SELECT * FROM station_rental_types

 * postgresql://itversity_sms_user:***@m01.itversity.com:5433/itversity_sms_db
4 rows affected.


station_rental_type_id,station_id,rental_type
29,1,KEY
30,1,CREDIT CARD
31,2,KEY
32,2,CREDIT CARD


Here is the core logic to load a data frame into a table.

```python
def load_df_to_table(conn, df, table_name):
    cursor = connection.cursor()
    data = [tuple(value) for value in df.values]
    columns = ', '.join(df.columns)
    values_clause = ', '.join(['%s'] * len(df.columns))
    query = f"""
        INSERT INTO 
        {table_name} ({columns})
        VALUES ({values_clause})
        """
    cursor.executemany(query, data)
    connection.commit()
    cursor.close()
```

Here are some of the issues with the above logic.
* We are not logging the progress of the process.
* The code is not handling any exceptions.
* Data is being inserted using `executemany` all at once.
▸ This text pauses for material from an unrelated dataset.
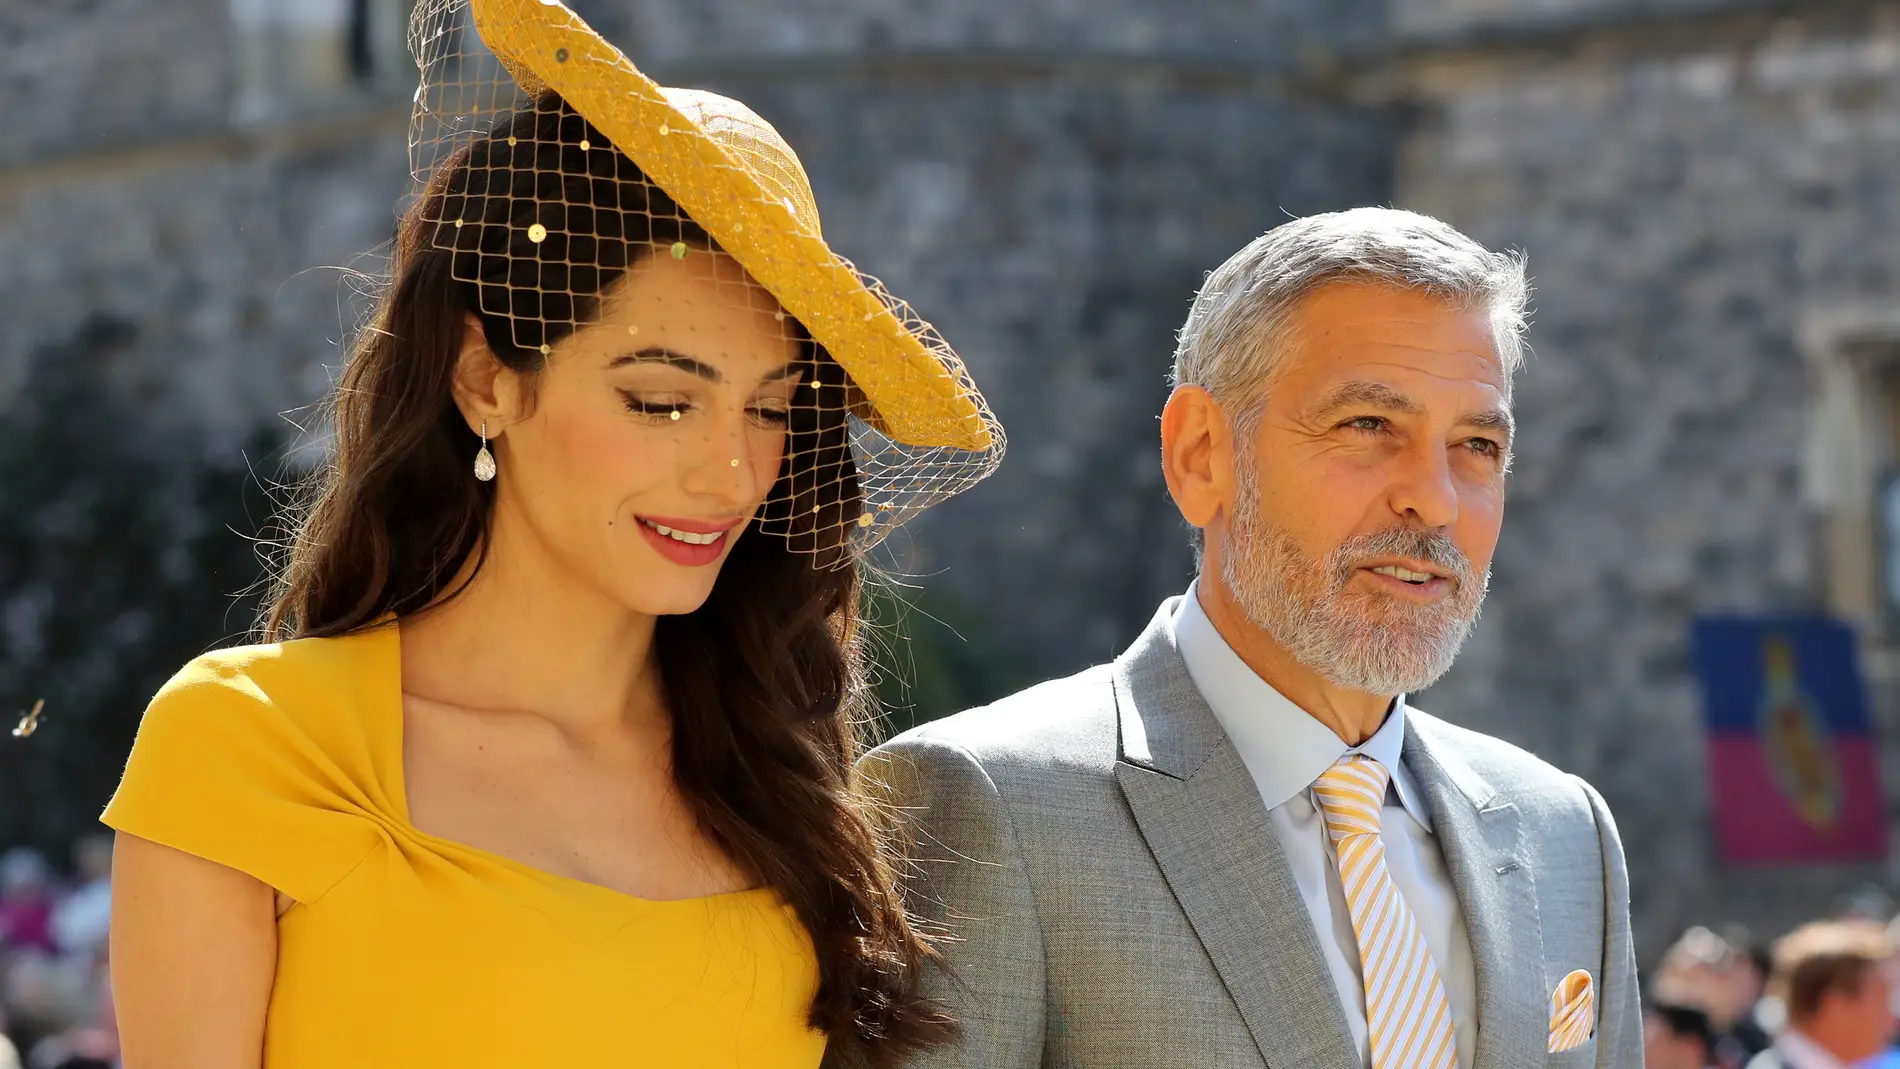 El matrimonio Clooney a su llegada a Windsor
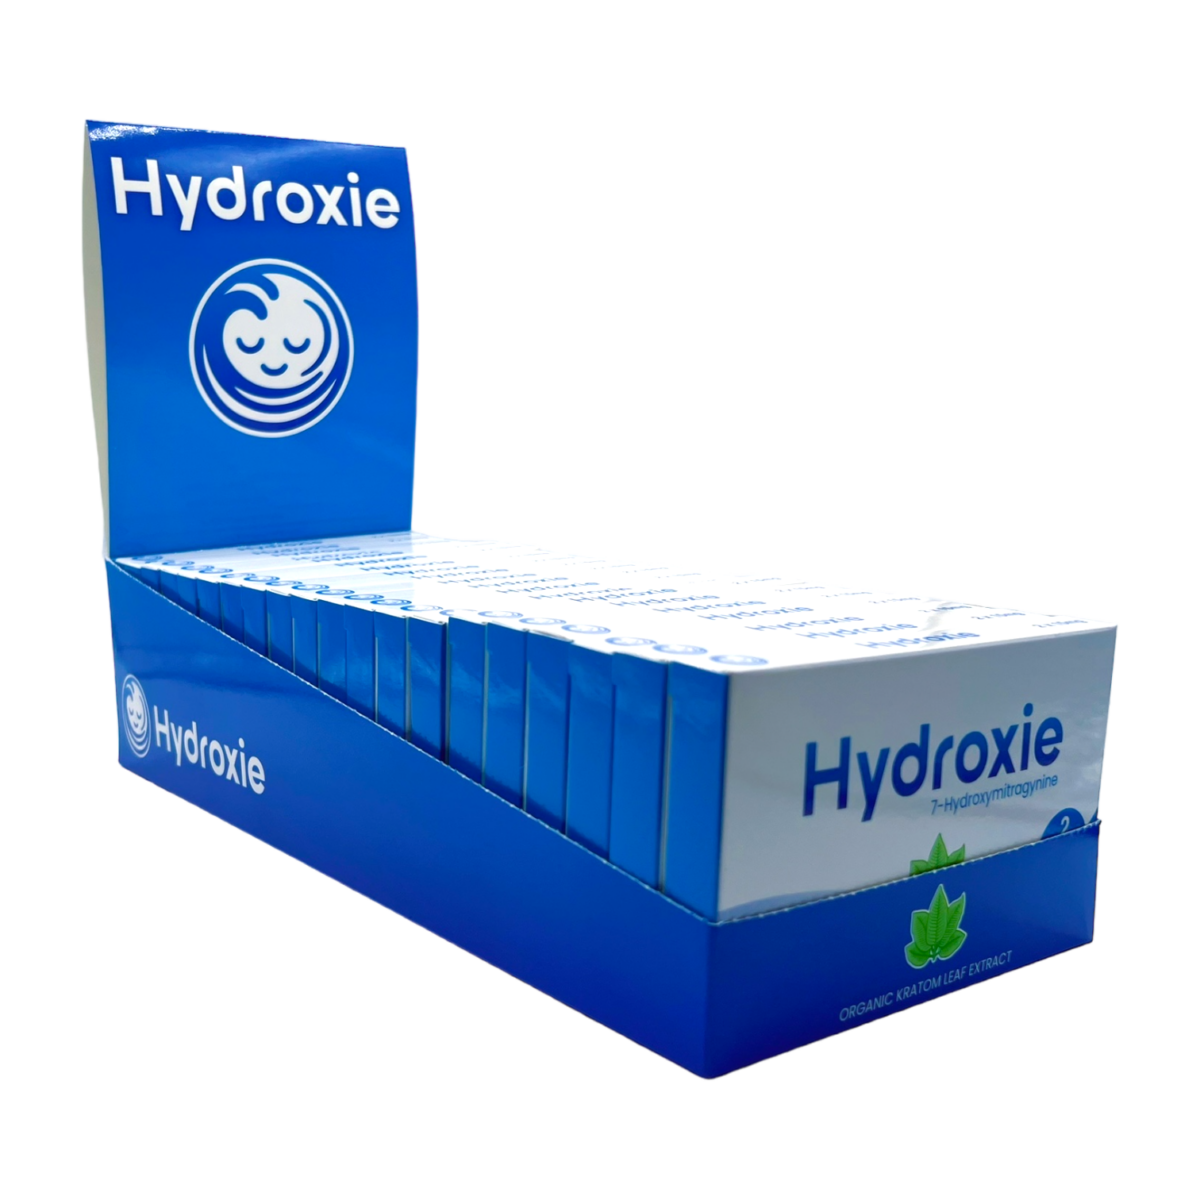 Hydroxie 15mg 7-OH Chewable Kratom Tablets

If we have to deal with a very large data set, this might not be the most effective solution. 
* If you are not sure, please review our content related to database programming for batch operations as part of **18_database_programming_batch_operations**.
* As we have only one function for all the tables, it will be easier to close those gaps in this function compared to primitive solution.